Singkamas is a barangay located in Makati. It is a residential area with a population of 7,370 recorded by the 2015 census. The name derived from the word singkamas, a local term for jicamas.

Singkamas is the second smallest barangay in Makati in terms of land area with a land area of .

History 
Singkamas was an integral part of Barrio Tejeros. It was then a sitio with about 200 houses of light materials and 150 houses of stronger built. In 1960, after the passage of Republic Act No. 2370 (Barrio Charter), Barangay Singkamas was officially recognized as a separate barrio from Barrio Tejeros. Inspired by their independent status, the inhabitants built their own house of worship — the Holy Cross Chapel — which became the rallying point of neighborhood rehabilitation. This landmark also became the center of public forum and festivities, like Christmas and Barrio Fiesta Celebrations. Being the second smallest barangay of Makati, Barangay Singkamas struggled to sustain its existence by depending on its meager income or revenue derived from tax collections, IRA and RPT entitlements.

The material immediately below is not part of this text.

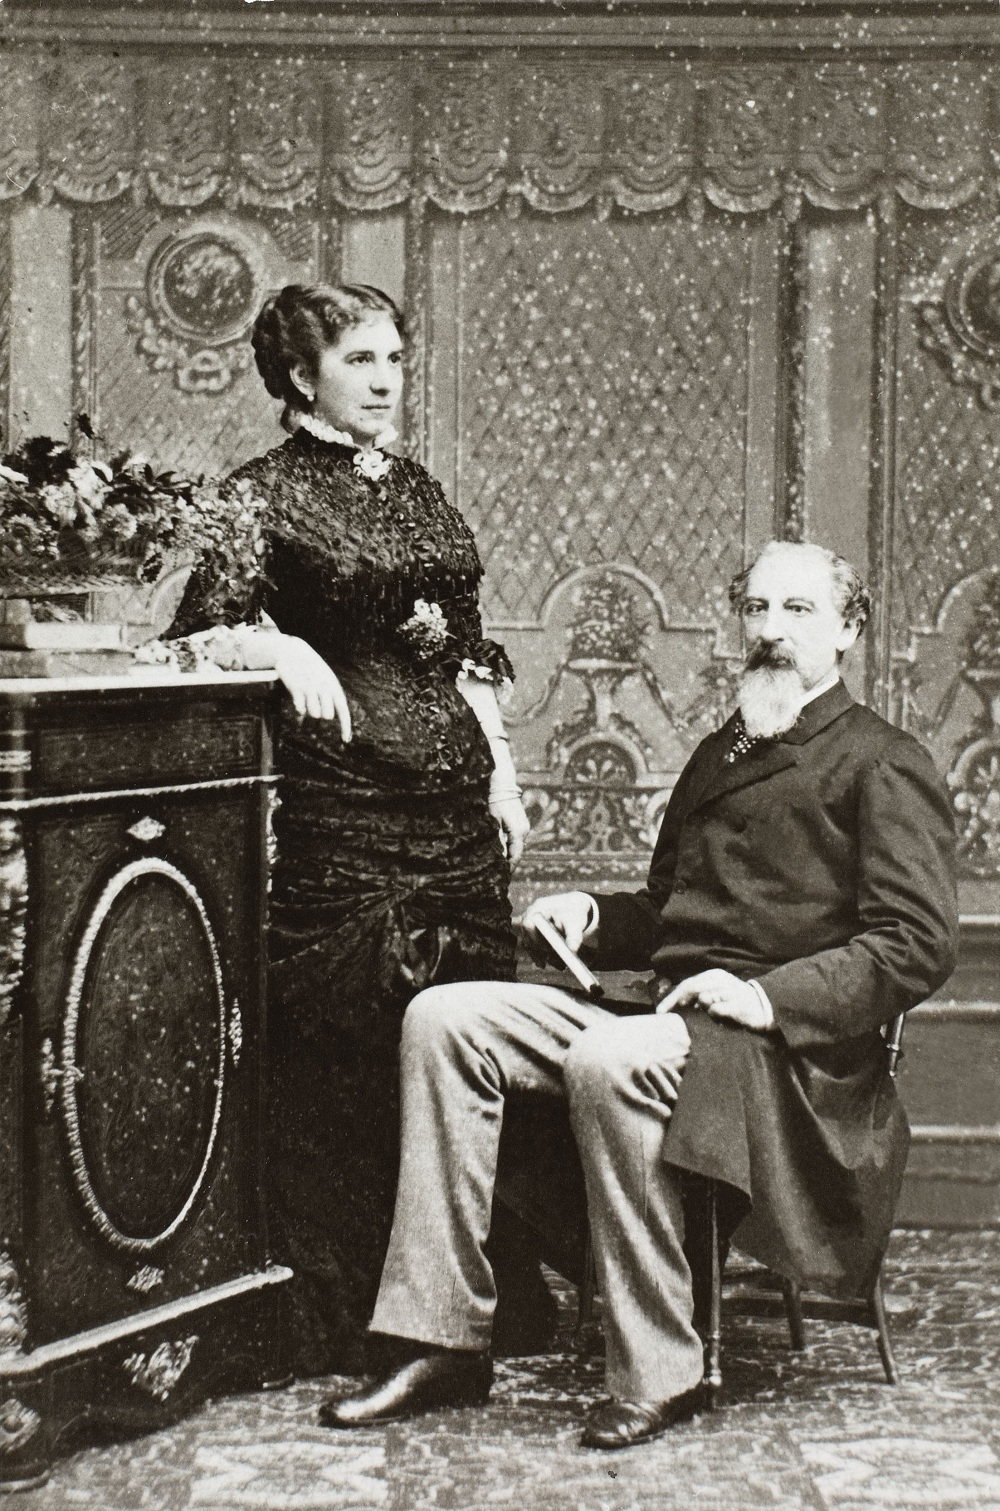 'Os Criadores da Pena – D. Fernando II e a Condessa d'Edla
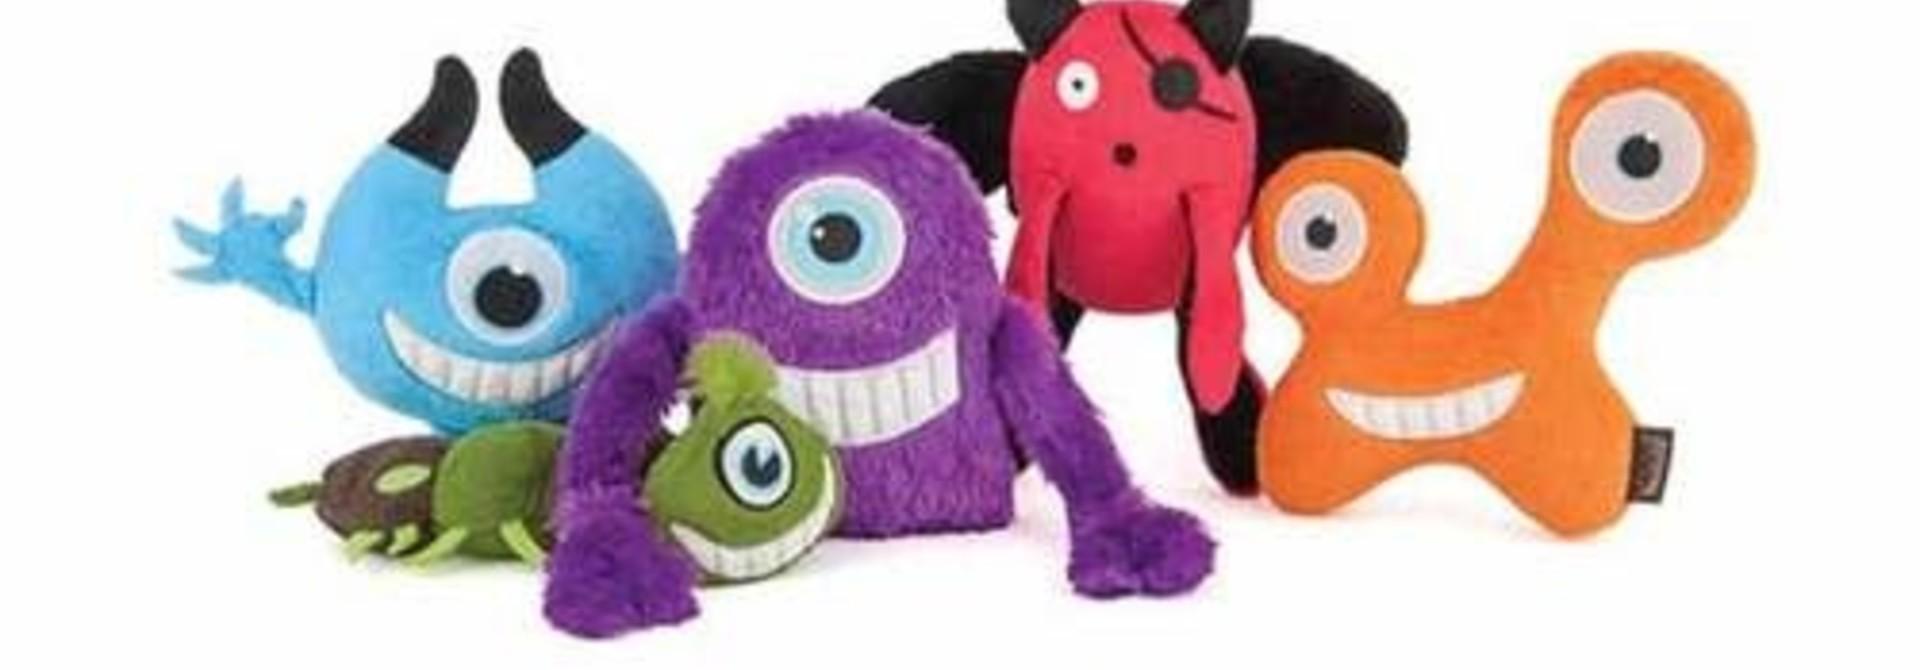 Momo Assorted Monster Toys-Dog

Singkamas is a former sitio of Barrio Tejeros and was officially recognized as a separate barrio in 1960 by virtue of Republic Act 2370. The first move towards this independent status was taken in the early 1950s when the residents felt it would be more beneficial for them to have their own set of leaders and the autonomy to manage their own affairs especially its Barrio Fiesta.

As a result of the separation, the residents of Singkamas decided to build their own chapel, the Holy Cross, although it is located in Barangay Tejeros.

In the past, Singkamas had the unique tradition of hanging fresh and succulent turnips instead of the usual buntings during their fiesta. This practice gave the place its distinct name, Barrio Singkamas.